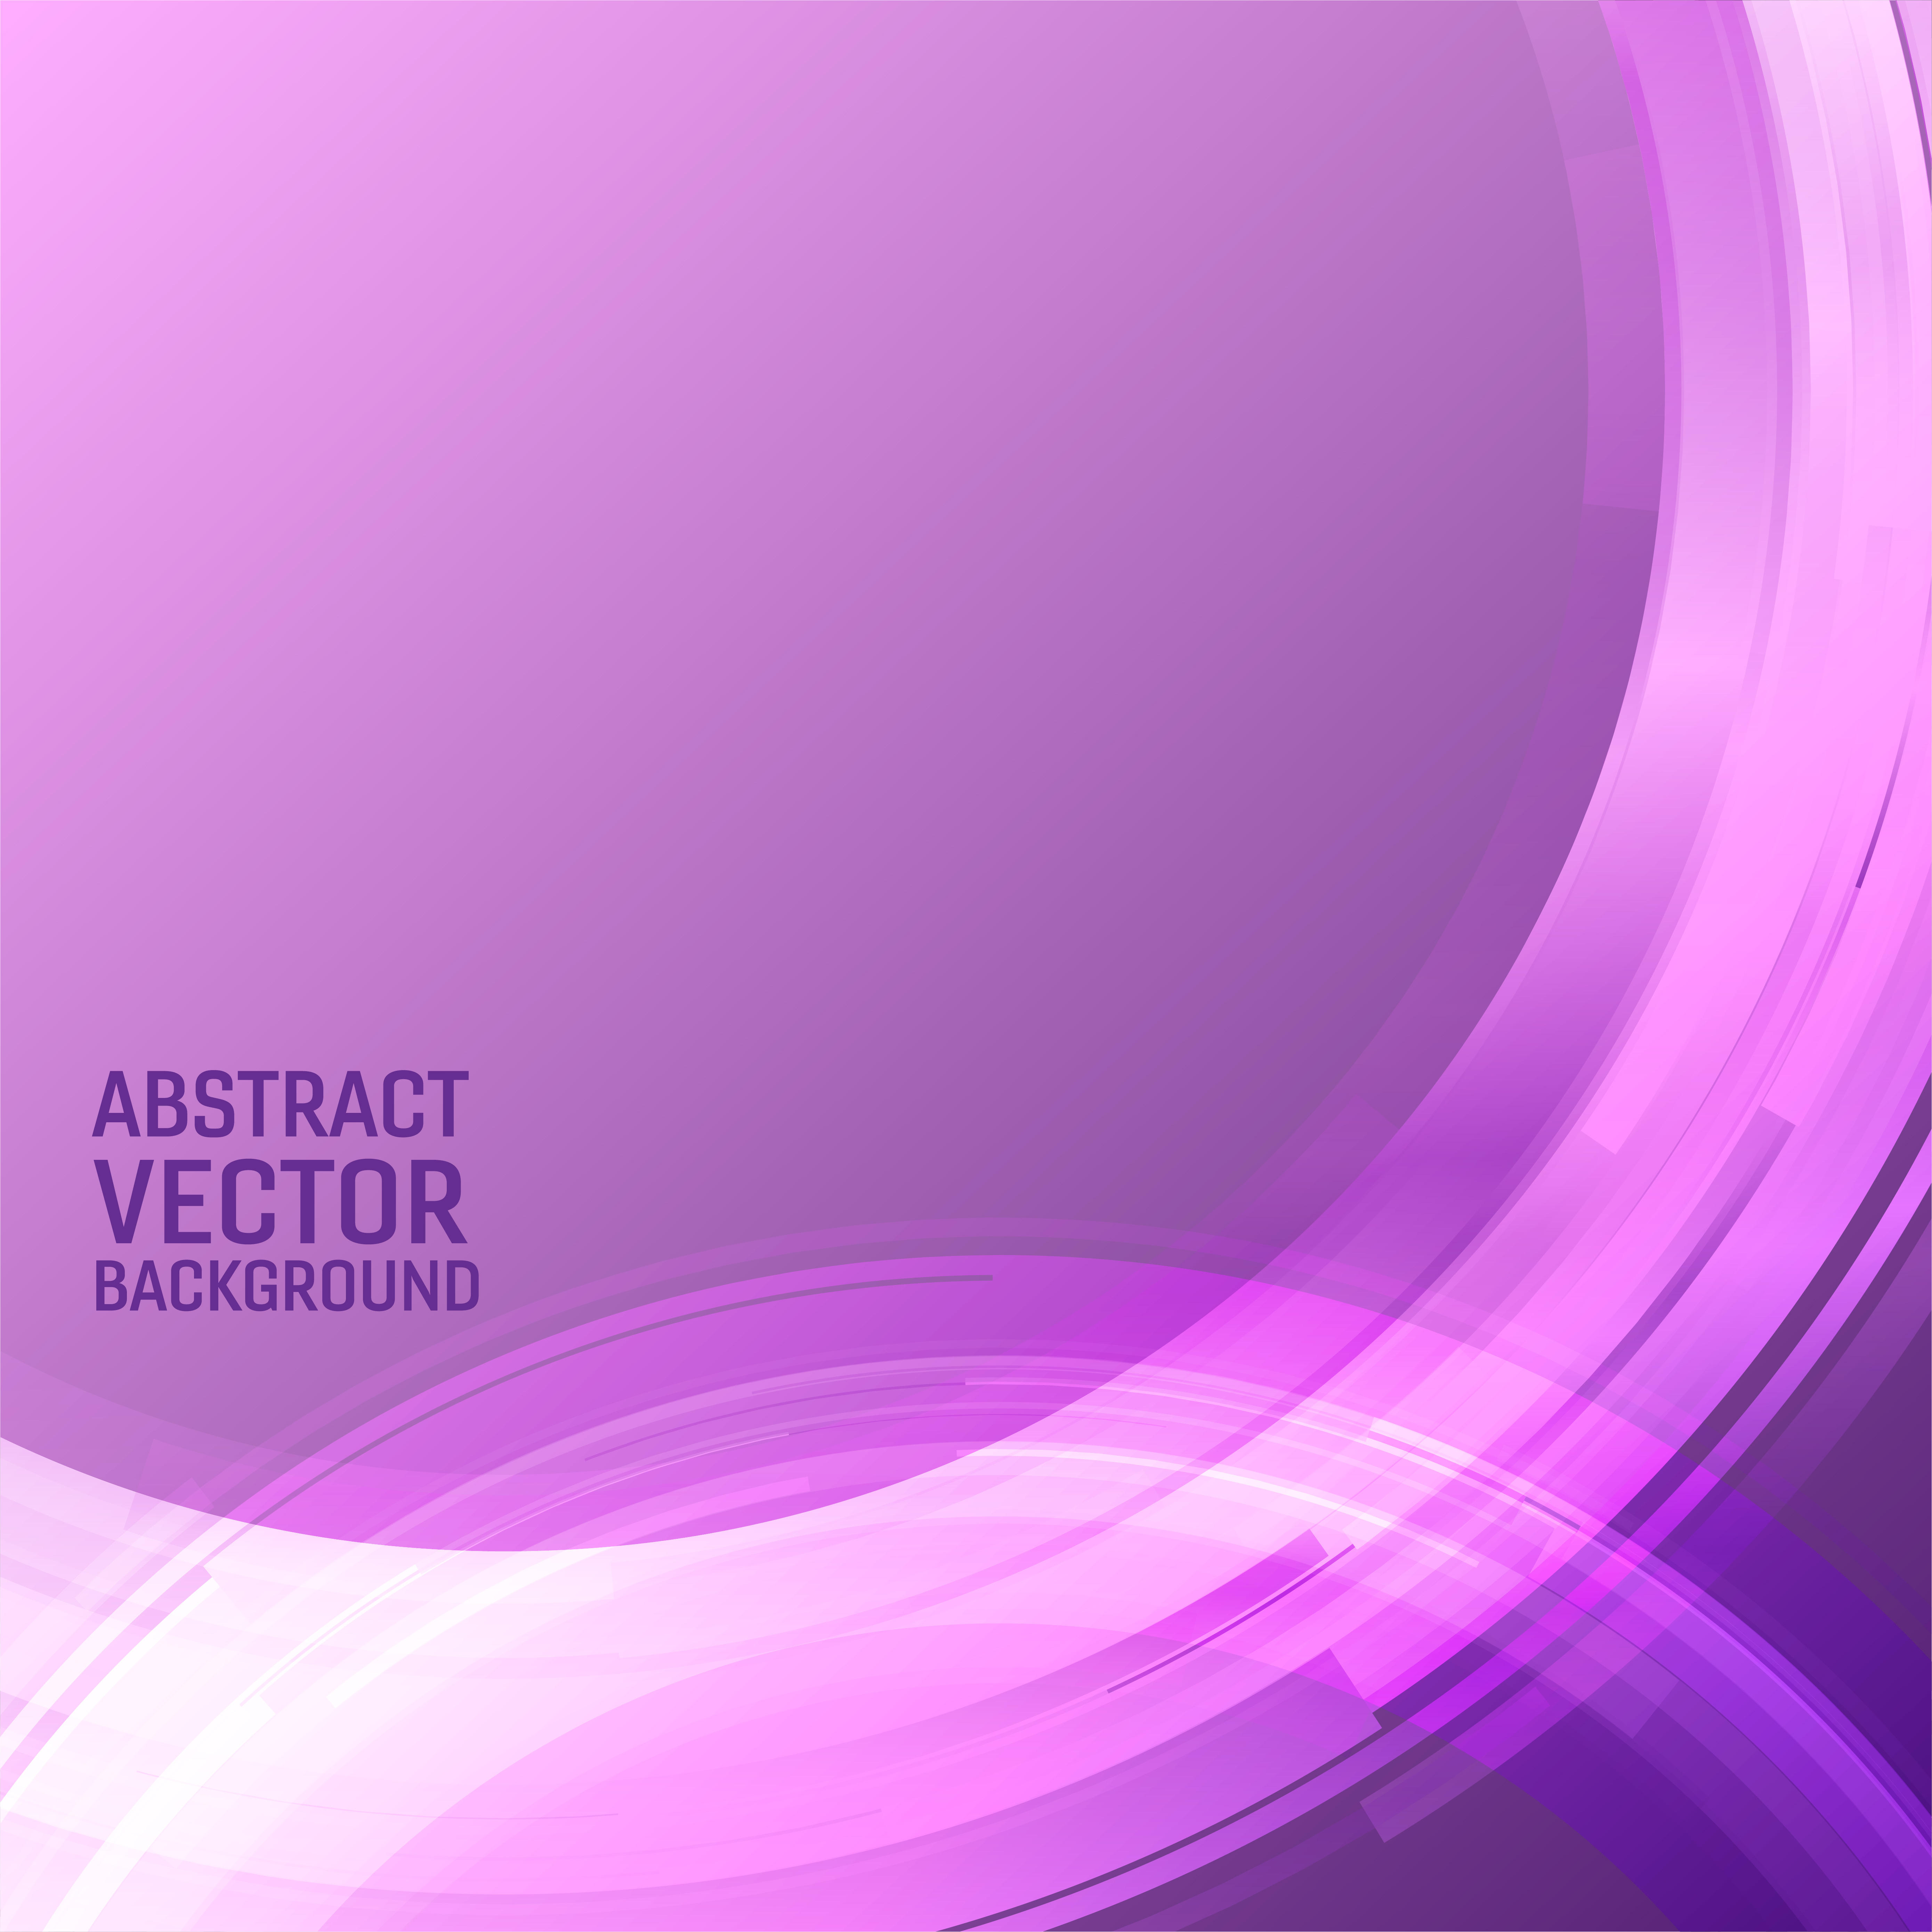 Vector Geometric Light Purple Color Illustration Graphic
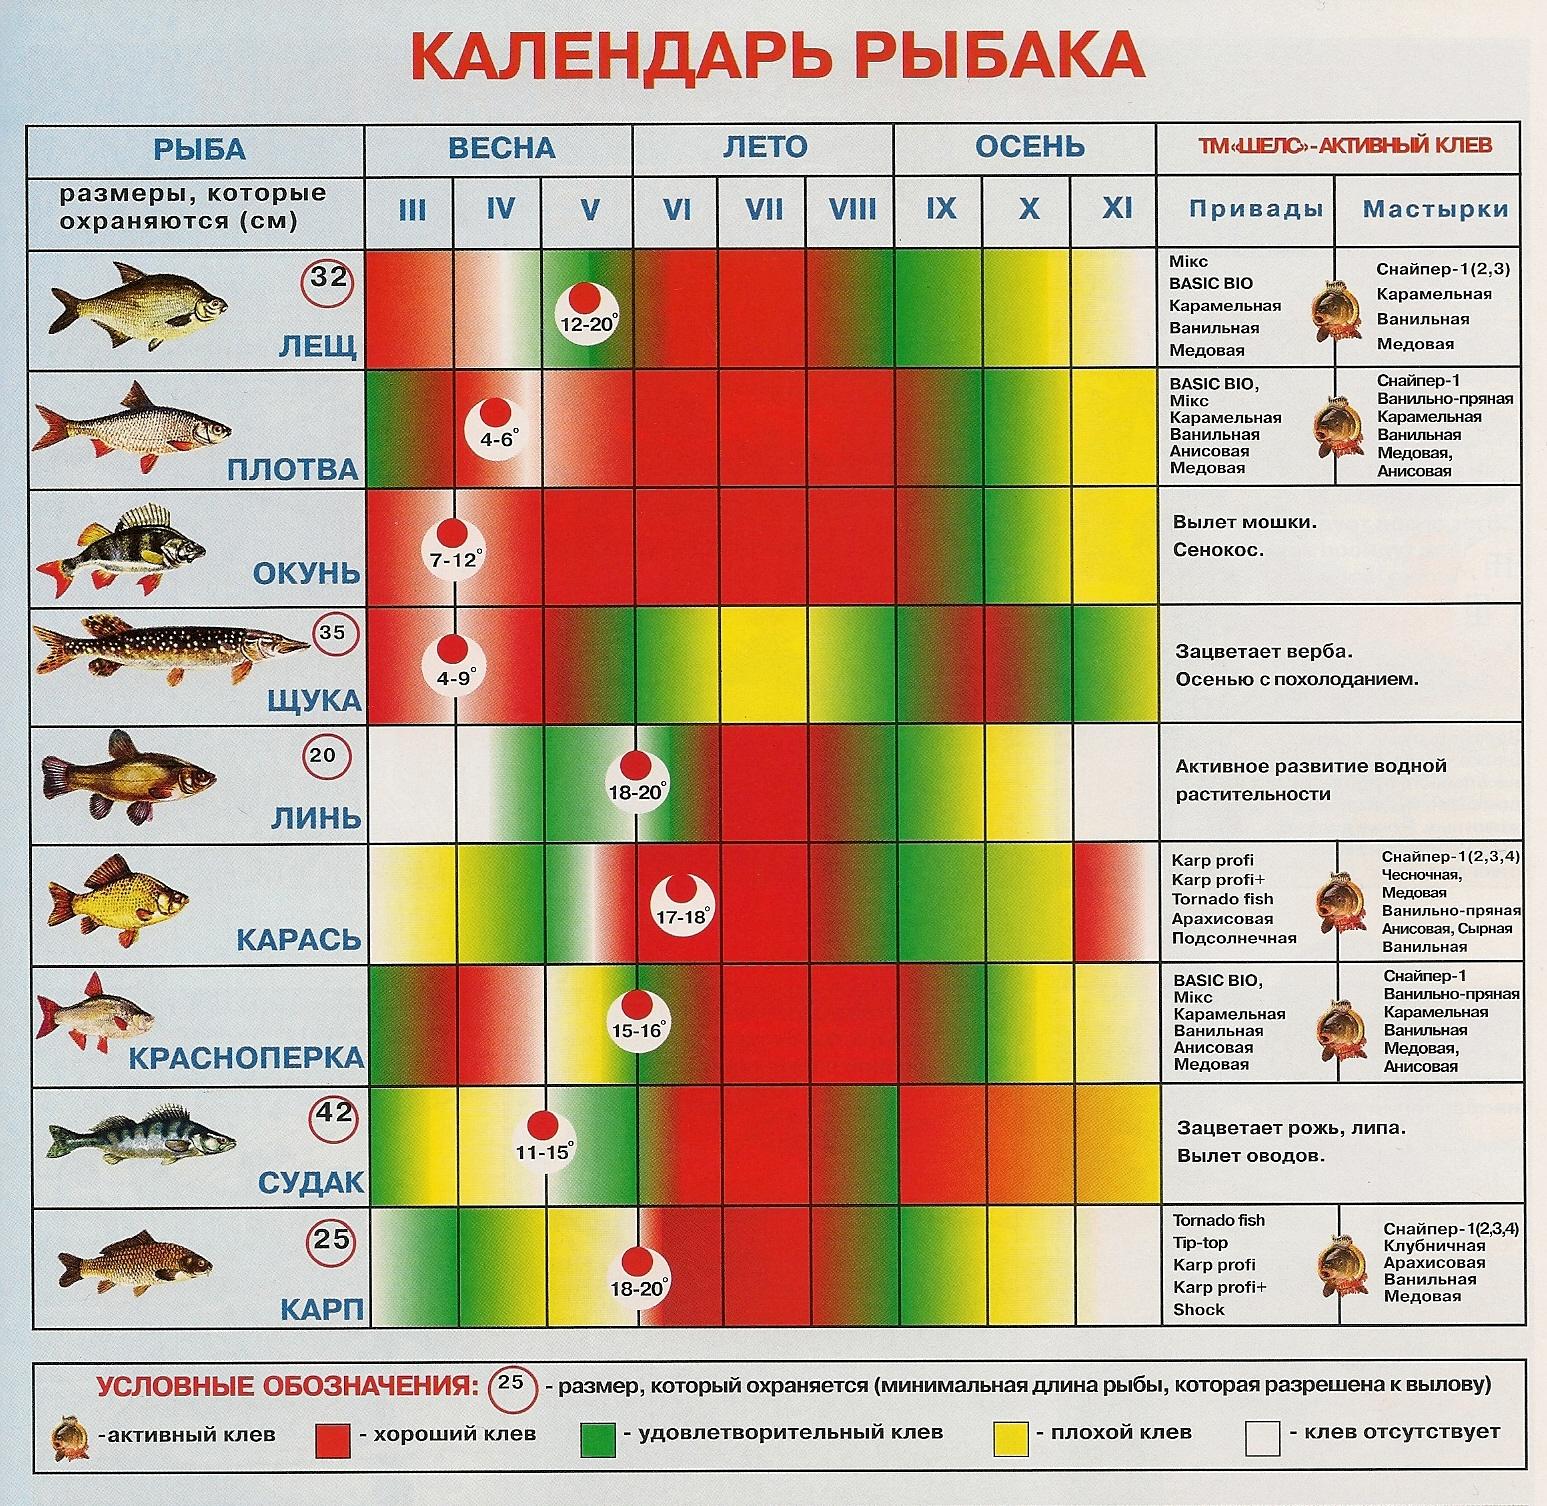 prostoi-kalendar-ribolova
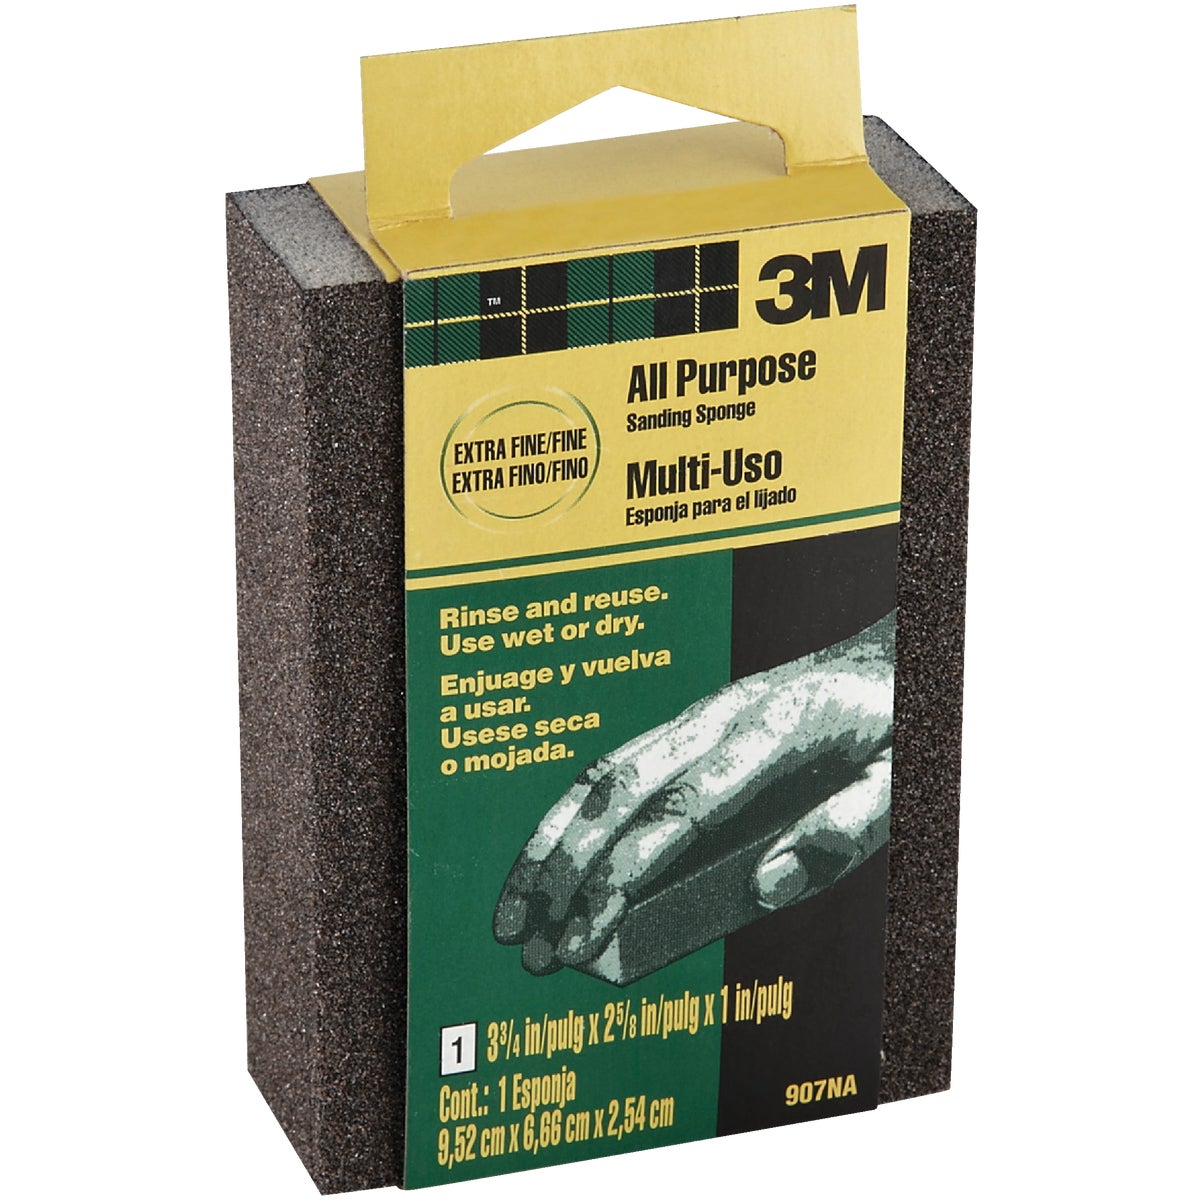 3M All-Purpose 2-5/8 In. x 3-3/4 In. x 1 In. Extra Fine/Fine Sanding Sponge

□ □ □ □ □

### What to do
Every line from the one bearing "prostoi-kalendar-ribolova" through the end of the data above must be output exactly, and no picture may appear.

### Task response
 prostoi-kalendar-ribolova
 3M All-Purpose 2-5/8 In. x 3-3/4 In. x 1 In. Extra Fine/Fine Sanding Sponge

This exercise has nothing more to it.